Problem to solve: Although the records contain pictures, none belong in the copy: restate word for word only the lines from the one with "Ep 34: The Key" through the one with "Alles was Sie über ''abgelenktes", both included.

Data records:
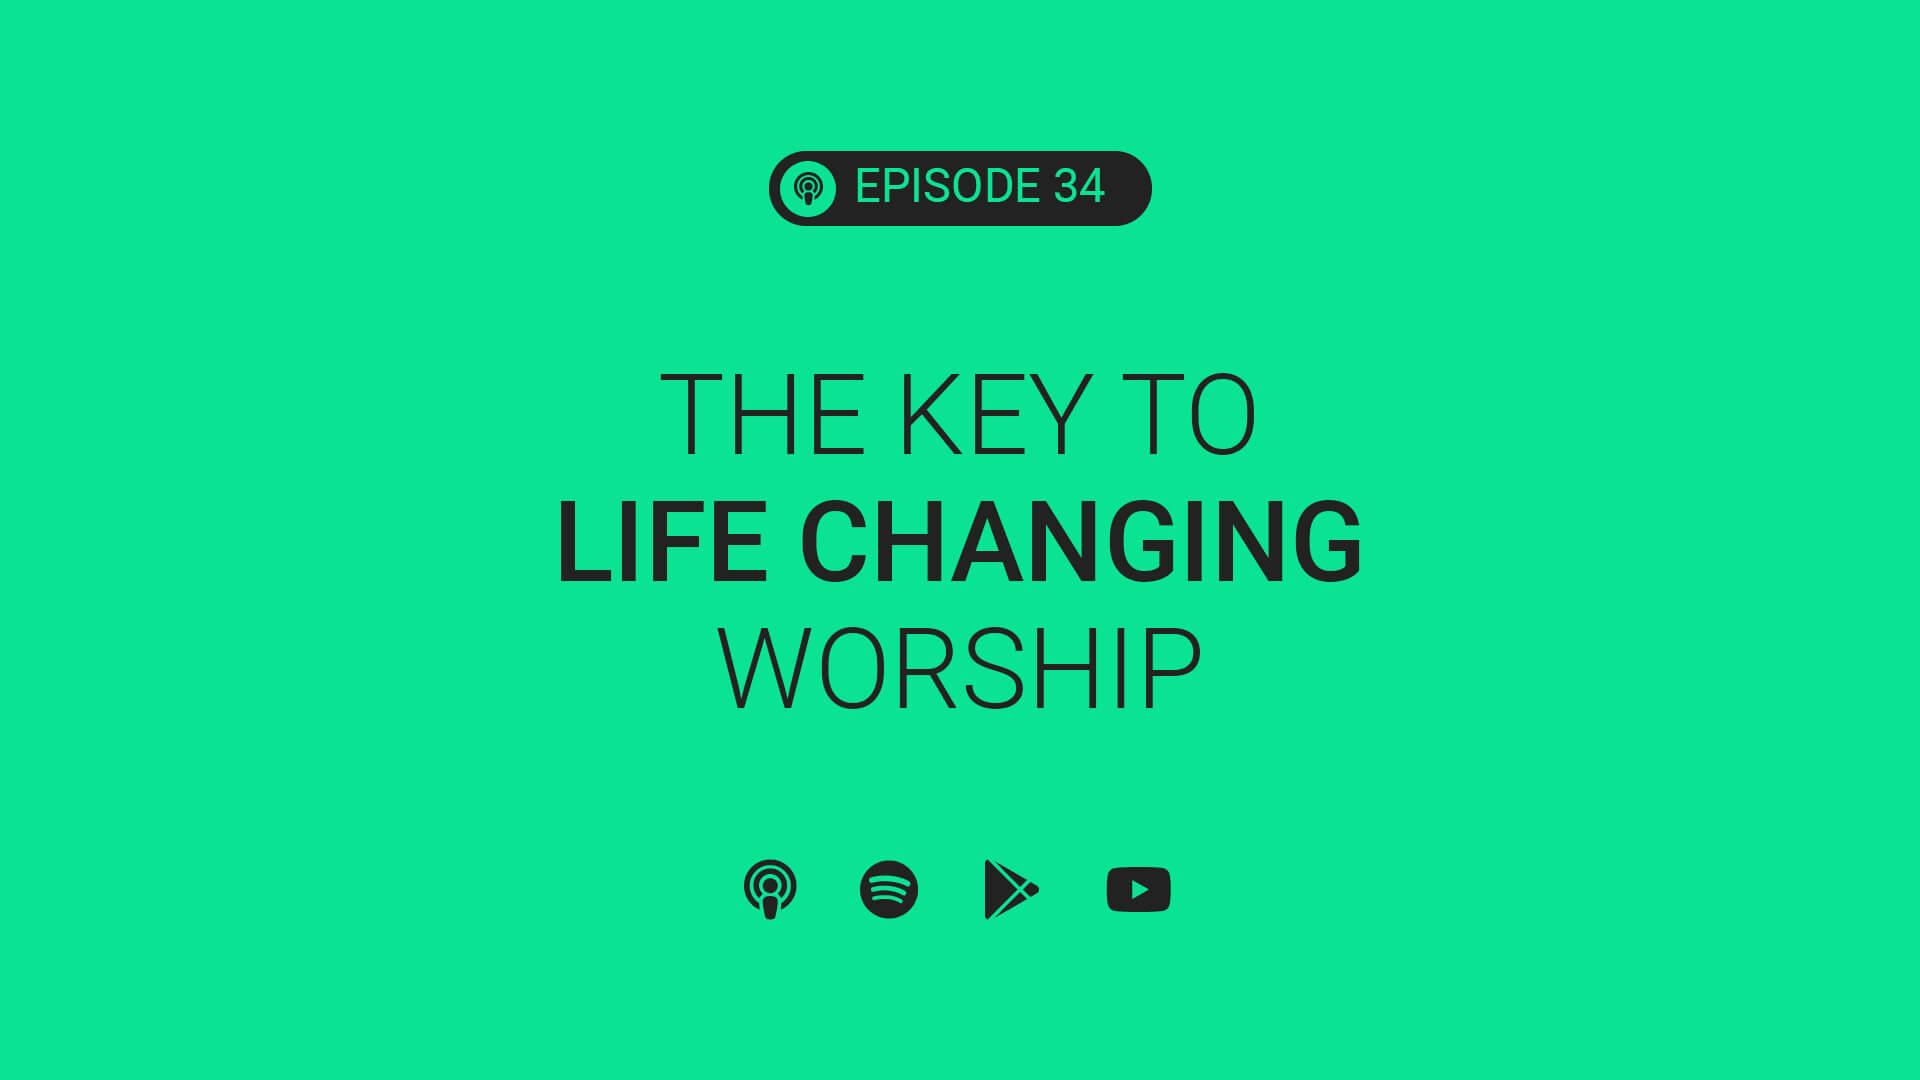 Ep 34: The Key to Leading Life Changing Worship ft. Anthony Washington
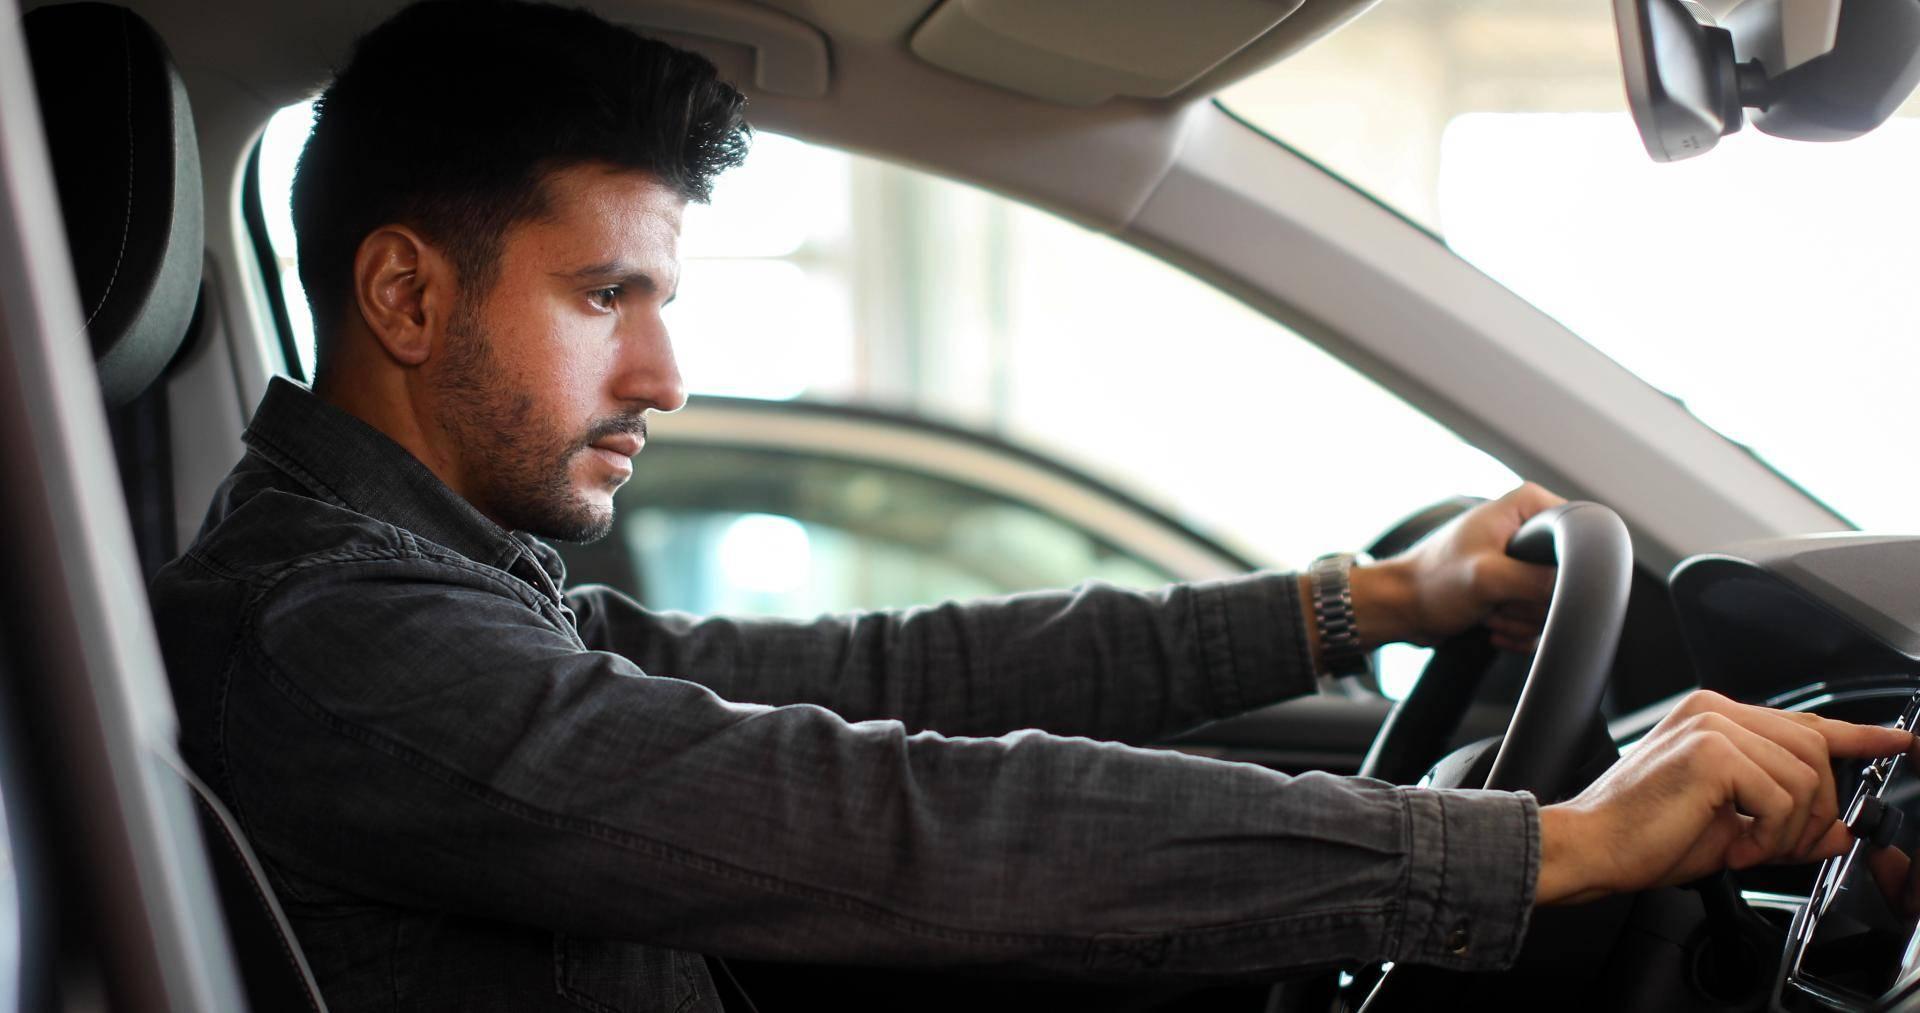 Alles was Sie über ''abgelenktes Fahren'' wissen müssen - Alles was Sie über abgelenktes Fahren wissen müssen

--

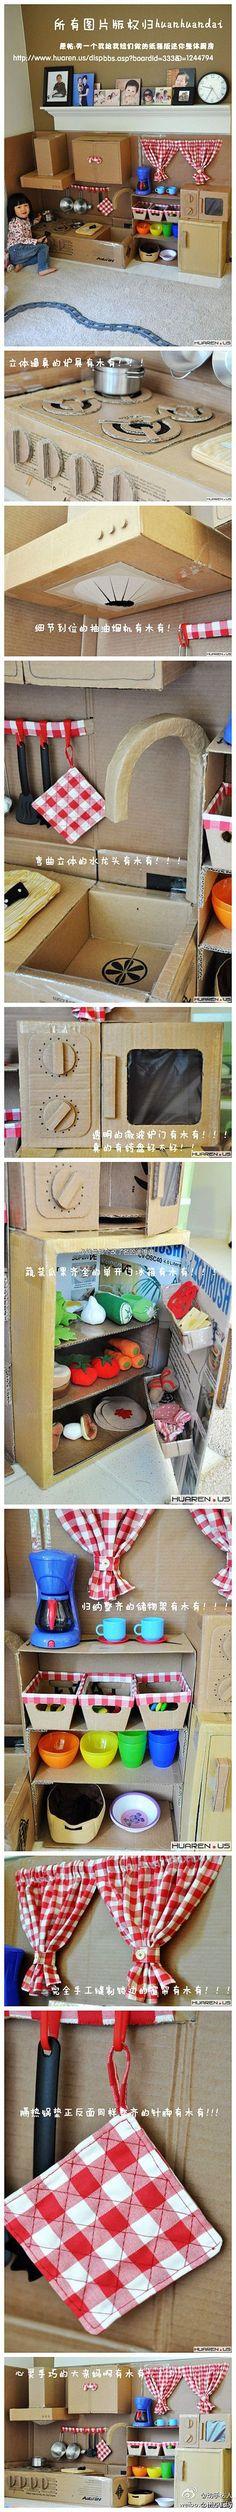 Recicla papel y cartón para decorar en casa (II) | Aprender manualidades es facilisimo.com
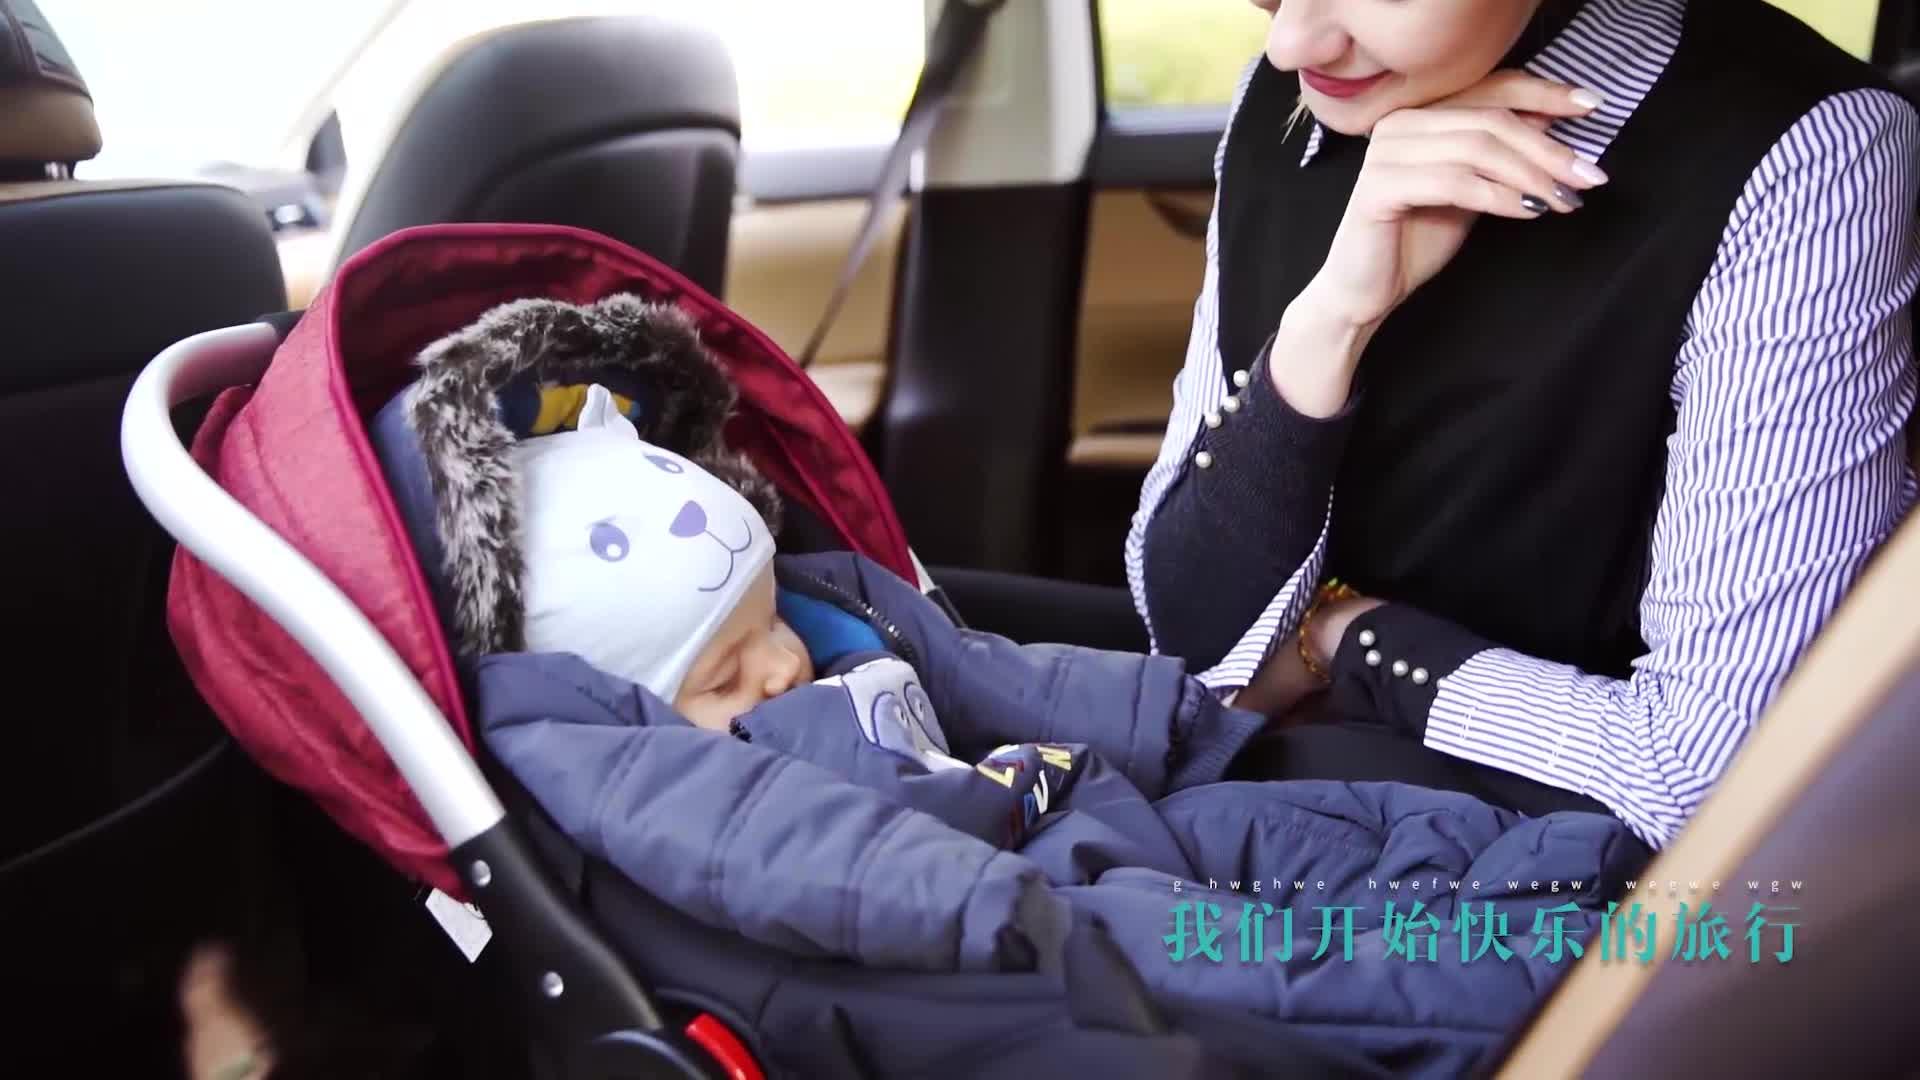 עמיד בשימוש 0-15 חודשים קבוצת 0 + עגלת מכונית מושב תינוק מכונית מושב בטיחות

Exercise result:
 Ep 34: The Key to Leading Life Changing Worship ft. Anthony Washington
 Alles was Sie über ''abgelenktes Fahren'' wissen müssen - Alles was Sie über abgelenktes Fahren wissen müssen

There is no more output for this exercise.